I am tring to find $$\int_{\Gamma}\frac{\cos(z)}{z^2(z^2+1)} \ dz,$$ where $\Gamma$ is the circle $|z|=2$.
My attempt:
Let $f(z)=\frac{\cos(z)}{z^2(z^2+1)}.$ Now, $f$ has singularities at $z=0,\pm i$.
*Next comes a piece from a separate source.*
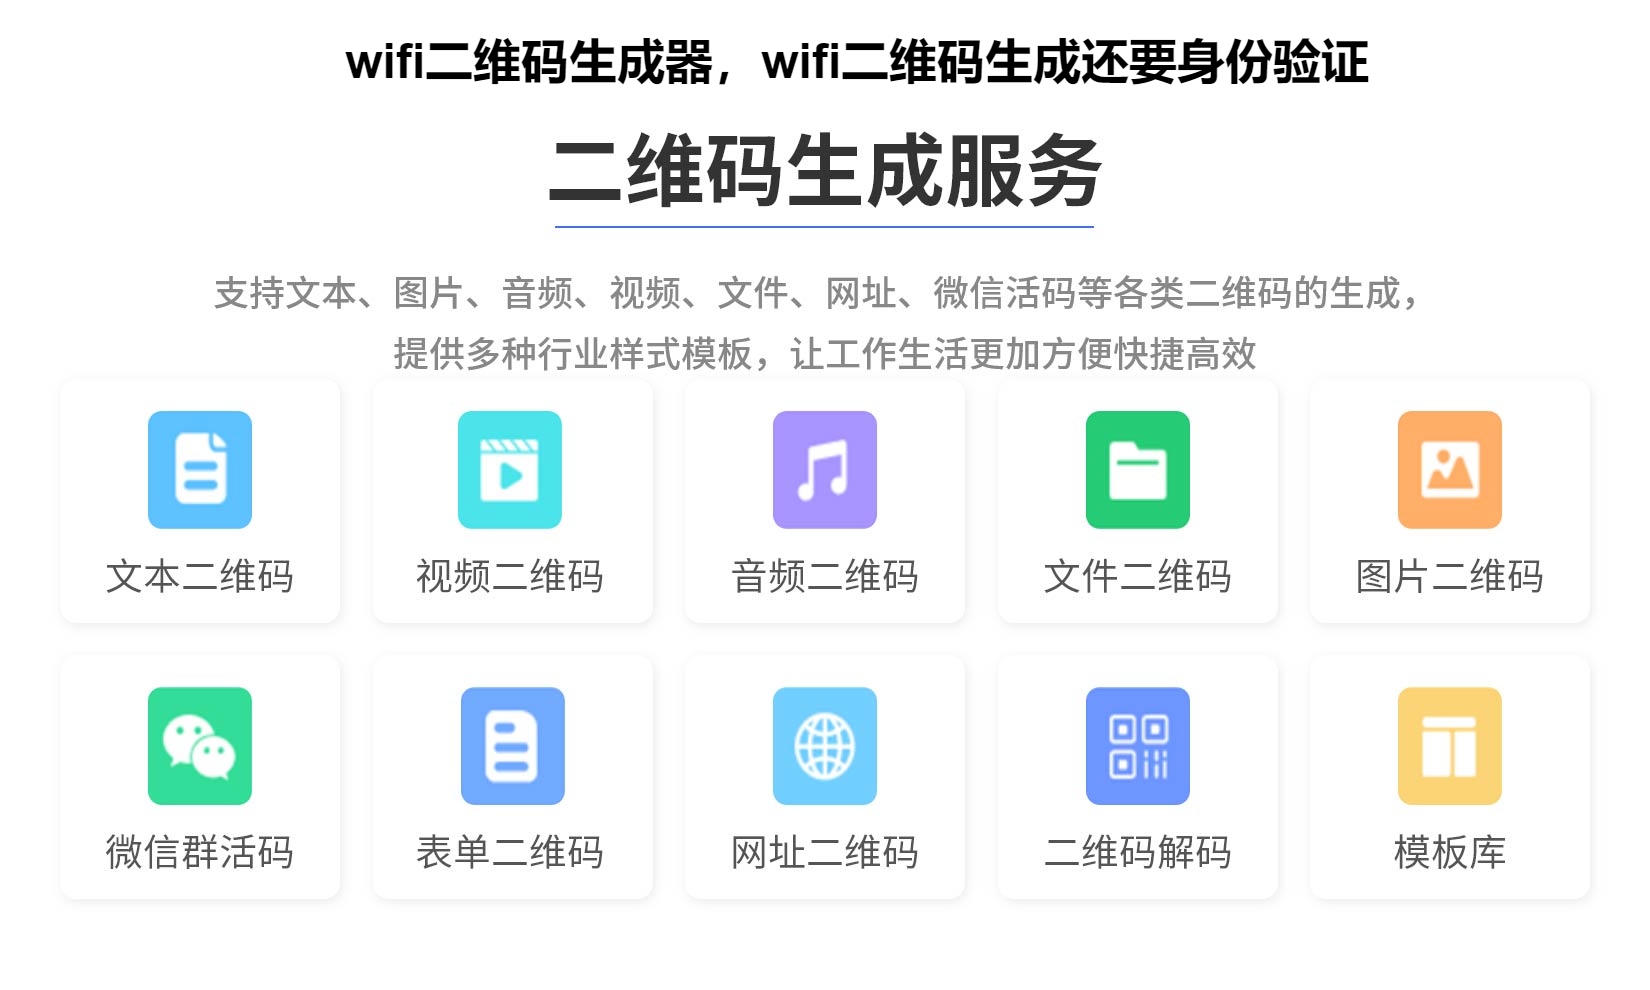 wifi二维码生成器，wifi二维码生成还要身份验证

$z=0$ is a pole of order $2$ and the residue is:
$$\lim_{z\to 0}\frac{\partial}{\partial z}\left(\frac{\cos(z)}{(z^2+1)}\right)=\frac{-z^2\sin(z)-\sin(z)-2z\cos(z)}{(z+1)^2}=0.$$
$z=i$ is a simple pole and has residue:
$$\lim_{z\to i} \frac{\cos(z)}{z^2(z+i)}=\frac{\cos(i)}{-2i}=\frac{\cosh(1)}{-2i}.$$
$z=-i$ is a simple pole and similar to above, has residue $\frac{\cosh(1)}{2i}.$
Now by the Residue theorem (all singularities lie inside $\Gamma$), $$\int_\Gamma f(z) \ dz=2\pi i\left(0-\frac{\cosh(1)}{2i}+\frac{\cosh(1)}{2i}\right)=0.$$
Is this a correct use of the Residue theorem?
Best Answer
Yes this is correct. Just to note, if your contour is more complicated you must factor in the winding number for each pole as well. Here they are all trivially 1.